Ok, quick apology to those in both classes. Note to self, make sure your notes are in order before teaching.
Recap of the problem.
Taking 500mg of acetaminophen every 4 hours and your body gets rid of 59% every 4 hours(leaving 41%). How much acetaminophen is in your body after you take the n-th dose.

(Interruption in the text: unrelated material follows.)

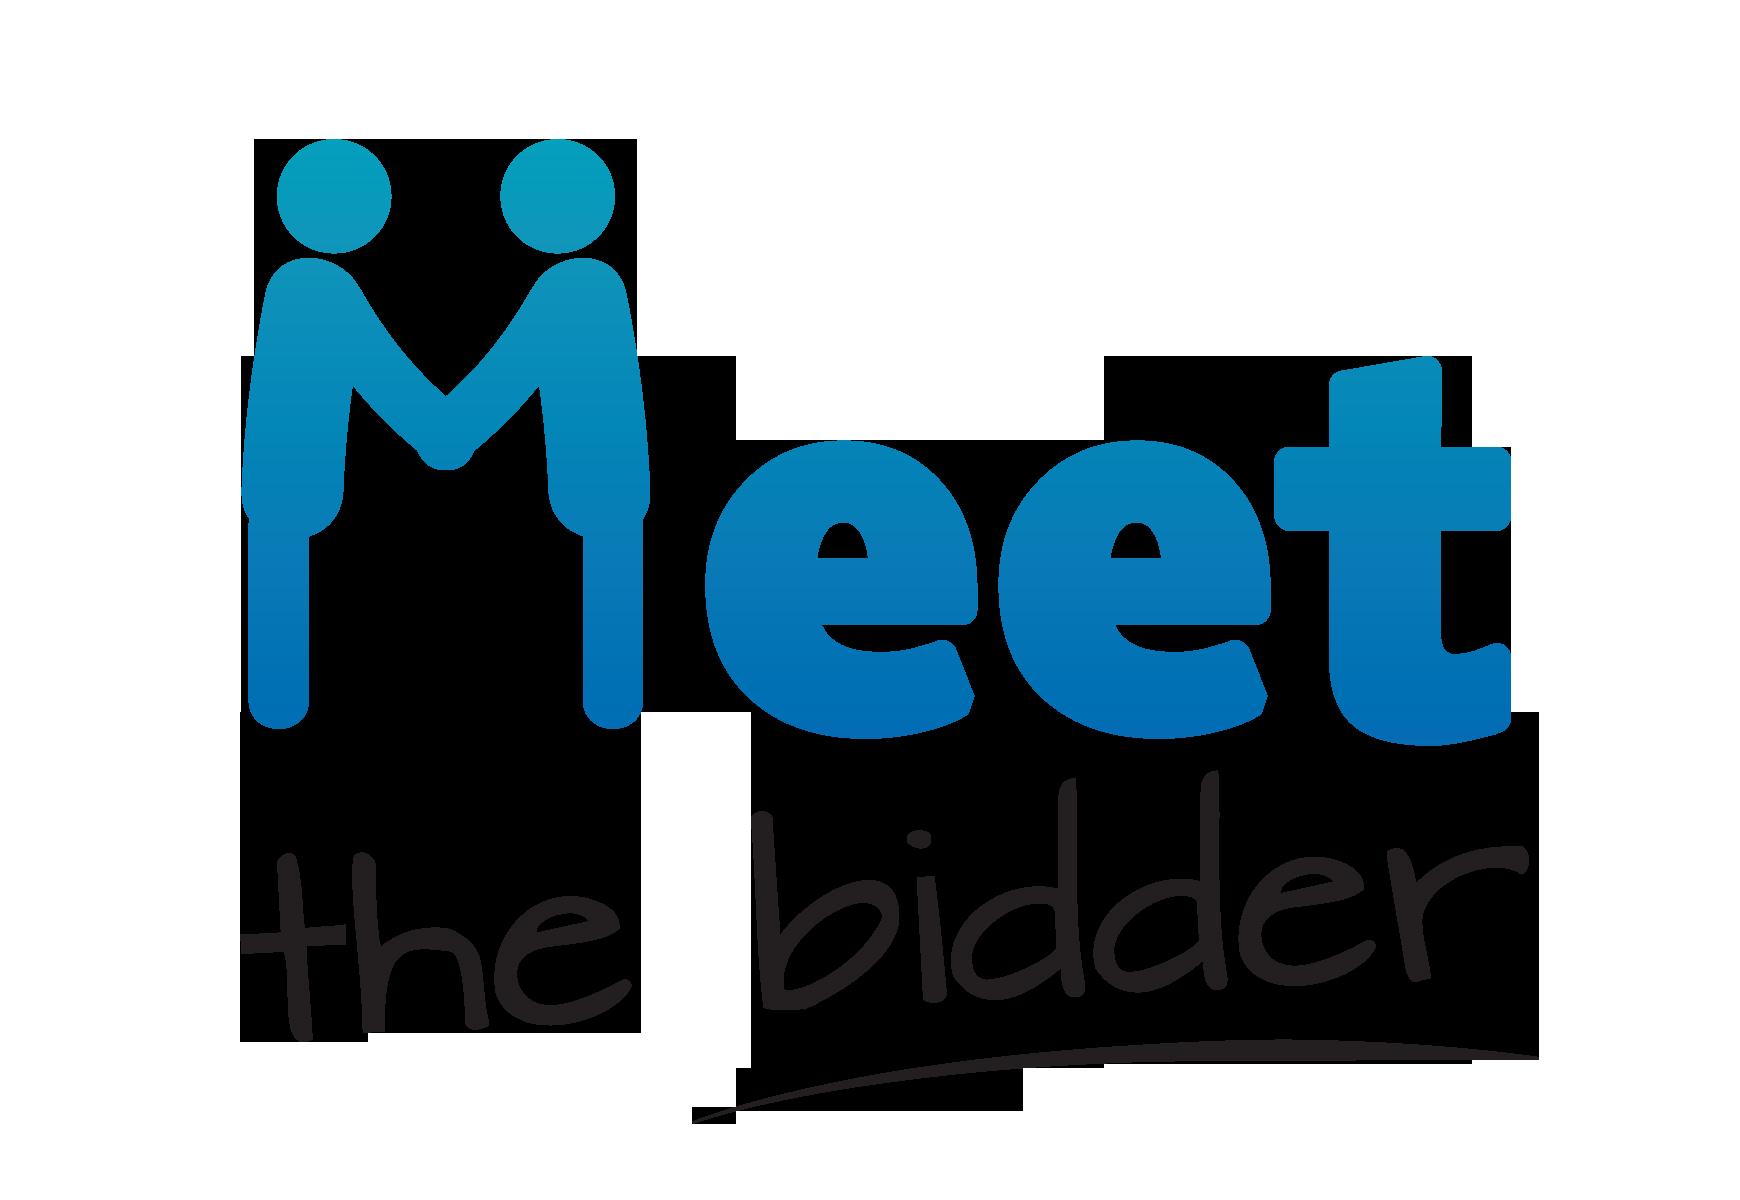 mtb logo proba 3

Take a look at the sequence first:(in other words what is happening to the original amount that you took)
500, 205, 84.05, 34.46…

a) Write a recursive formula for `a_n`
so we have a common ratio of .41 and can write a common ratio as `r=(a_n)/(a_(n-1))`
Solve for `a_n` and you have your recursion formula. `a_n = .41(a_(n-1))`

b) Show that `a_n` can be viewed as a geometric series.
ans: if you show that the sequence has a common ratio for the given terms, then you can represent it in a geometric series (i.e. add them up)
`S_n`=500 + 205 + 84.05 + … `t_n`
c ) Find `S_18`

Now we use the partial sums formula `S_n=(1-r^n)/(1-r)`, Where:

n=18 (This is the number of terms your adding in the sum)
r=.41 (this is your common ratio)

`S_18`=847.4575363
note: this is the sum of the 1st 18 terms(500 + 205 + 84.05 + 34.46+…+`t_18`)
d)
`S_19`= 847.4575899
`S_21`=847.4576209

Notice that we are approaching a limit. Why does it approach a limit?